= Chemins de fer électriques de la Gruyère =

Swiss railway company

The Chemins de fer électriques de la Gruyère (CEG) was a Swiss railway company in the Canton of Fribourg which operated between 1903 and 1942. Its name finally adopted by the Chemin de fer Châtel-St-Denis-Bulle-Montbovon (CBM) before operation started (the 1903 federal rolling stock statistics already showed the company as CEG). In 1907 it was enlarged by the amalgamation of the Chemin de fer Châtel-St-Denis-Palézieux (CP). To this system, a short branch from Bulle to Broc was added which opened in 1912.
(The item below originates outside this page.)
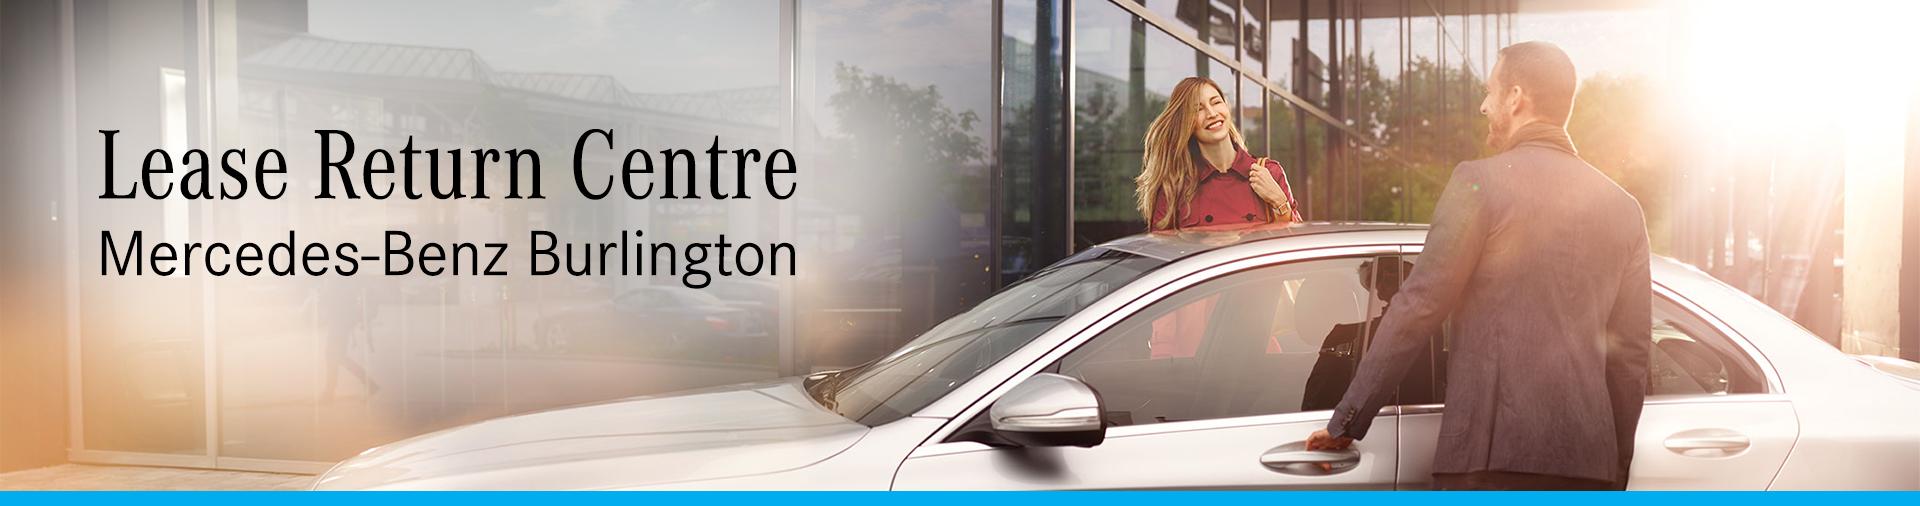 Lease Return Centre at Mercedes-Benz Burlington header

The company operated a system of just 48.2 km with a main line from Montbovon, the junction with the Montreux–Lenk im Simmental line, to Palézieux, on the SBB-CFF-FFS line between Bern and Lausanne. The Broc branch made up the total distance.

Two standard gauge operations joined in a further amalgamation on 1 January 1942 when together they formed the Chemins de fer Fribourgeois Gruyère-Fribourg-Morat.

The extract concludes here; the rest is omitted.